…Надо же дойти до такого гипертрофированного самолюбия, чтобы поставить свои амбиции выше интересов партии, нашего дела! И это тогда, когда мы находимся на таком ответственном этапе перестройки".
После показательного разбора «персонального дела» Ельцина на пленуме Московского горкома, ельцинской попытки самоубийства с помощью канцелярских ножниц в своем кабинете и «великодушного» перемещения его на должность союзного министра вместо отправки на пенсию, тема Ельцина на время потеряла свою актуальность. Однако, не удержавшись от эмоций, Горбачёв все-таки дважды припечатал смутьяна, пообещав в их «мужском» разговоре «больше не пускать его в политику» и позднее публично в выступлении перед свердловчанами отозвавшись об их земляке как о «конченом политическом деятеле». (Когда сопровождавший его в поездке в Свердловск Г.Шахназаров попробовал было снять эту «излишне эмоциональную», на его взгляд, реплику из тассовского варианта текста, ему пришлось объясняться по поводу своей «излишней инициативы» не только перед Михаилом Сергеевичем, но и перед Раисой Максимовной.)
И когда вышедший из «комы» Ельцин появился на трибуне ХIХ партконференции, выступив с полупокаянием, поддержкой Горбачёва и одновременно критикой Лигачева, генсек мог считать, что избранная им тактика себя оправдала. В свете «вольтовой дуги», которую создавали разные потенциалы этих двух псевдоантиподов, его собственный образ – человека, страхующего партию и страну от крайностей разномастных радикалов, смотрелся особенно выигрышно.
Фатальная историческая связь между этими тремя столь непохожими политиками, оказавшимися по прихоти судьбы в одной упряжке, подтвердилась и в дальнейшем: они вновь сошлись вместе на XXVIII съезде КПСС, чтобы разойтись окончательно. Для Ельцина его трибуна стала сценой, на которой он эффектно разыграл свой уход из партии, и трамплином для начала нового, главного витка своей политической биографии. Лигачев в этой же аудитории потерпел унизительное поражение: выставив свою кандидатуру на пост заместителя генсека (вопреки желанию самого Горбачёва), он не получил поддержки даже у антигорбачевски настроенного зала. «Вольтова дуга» между двумя закадычными противниками – Ельциным и Лигачевым – погасла, и в значительной степени с этого момента центрист Горбачёв, игравший во время их кулачного боя респектабельную роль рефери на ринге, оказался лишенным двух поддерживавших его, как планер, крыльев.

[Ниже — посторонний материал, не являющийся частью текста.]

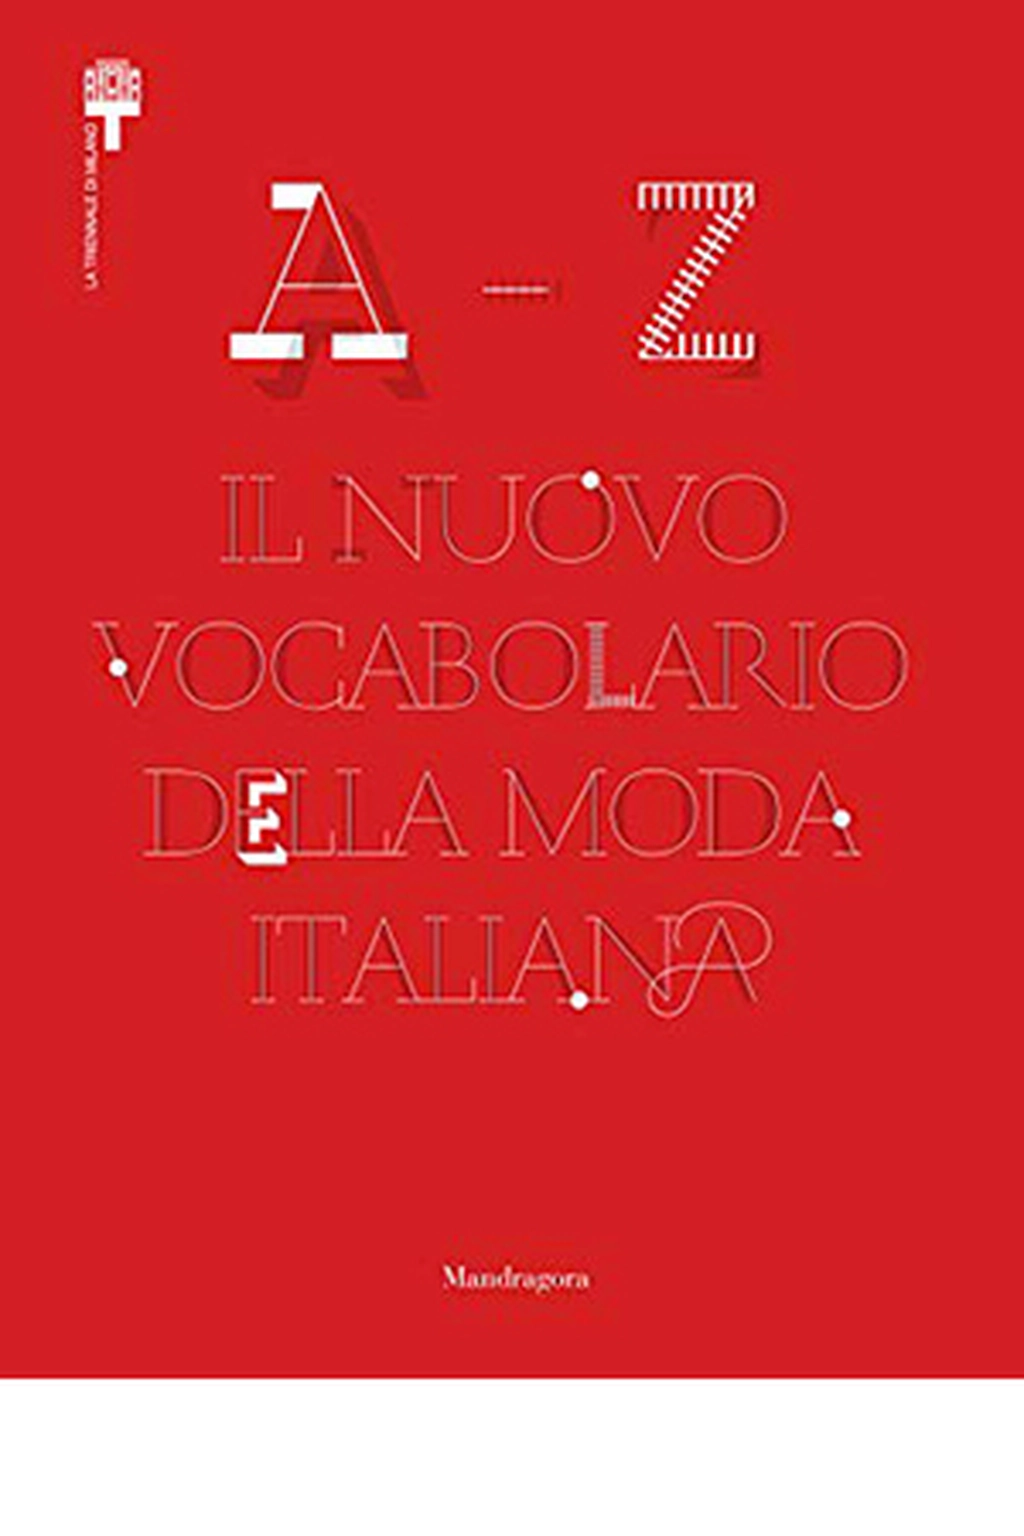 Il Nuovo Vocabolario della Moda Italiana

Если в своем отношении к Ельцину он признает за собой как минимум две «ошибки» (не опубликованную сразу же его речь на октябрьском Пленуме и отказ отправить за границу послом), то, что касается Лигачева, число их на порядок больше. Он, конечно, не забывал, чем был обязан этому человеку в марте 1985 года (и тем более не хотел, чтобы ему об этом напоминали). Однако в его отношении к «Егору» невыветрившаяся личная симпатия («Лигачев прямой человек, я его всегда за это уважал, хотя он и сделал мне несколько подножек») сочеталась с хитроумным, как ему казалось, расчетом. В двуединой задаче, поставленной перед собой генсеком, – перелицевать партию по социал-демократическому лекалу и сдержать на поводке её реваншистскую фракцию – Лигачеву была отведена роль «поводка". Даже его прямота, точнее сказать, прямолинейность, а нередко и грубость, выдаваемая за «партийную принципиальность", устраивали Горбачёва до тех пор, пока все это направлялось на других, а сам Егор Кузьмич в главных вопросах соблюдал, если и не политическую, то хотя бы личную к нему лояльность.
И лишь выступление Лигачева на XIX партконференции с публичным предъявлением счета генсеку за обеспечение его избрания («делегаты должны знать, что возможны были и другие варианты») означало: прежний пакт между ними расторгнут. Сохранять в этой ситуации за ним фактический статус первого зама генсека в роли ведущего Секретариаты ЦК было неразумно, если не опасно. Кроме того, после скандала с «делом» Нины Андреевой (несмотря на то что Горбачёв формально снял подозрения в причастности Лигачева к этой «антиперестроечной провокации") уже невозможно было придерживаться прежней формулы „расщепленной“ ответственности за идеологию. Формула эта, несмотря на её иезуитский характер, а может быть, благодаря ему, некоторое время вполне устраивала и Горбачёва, и „подведомственную“ Агитпропу советскую прессу: каждый из редакторов в зависимости от того, куда его влекла «партийная совесть", обращался к той цековской «крыше", которая ему больше подходила.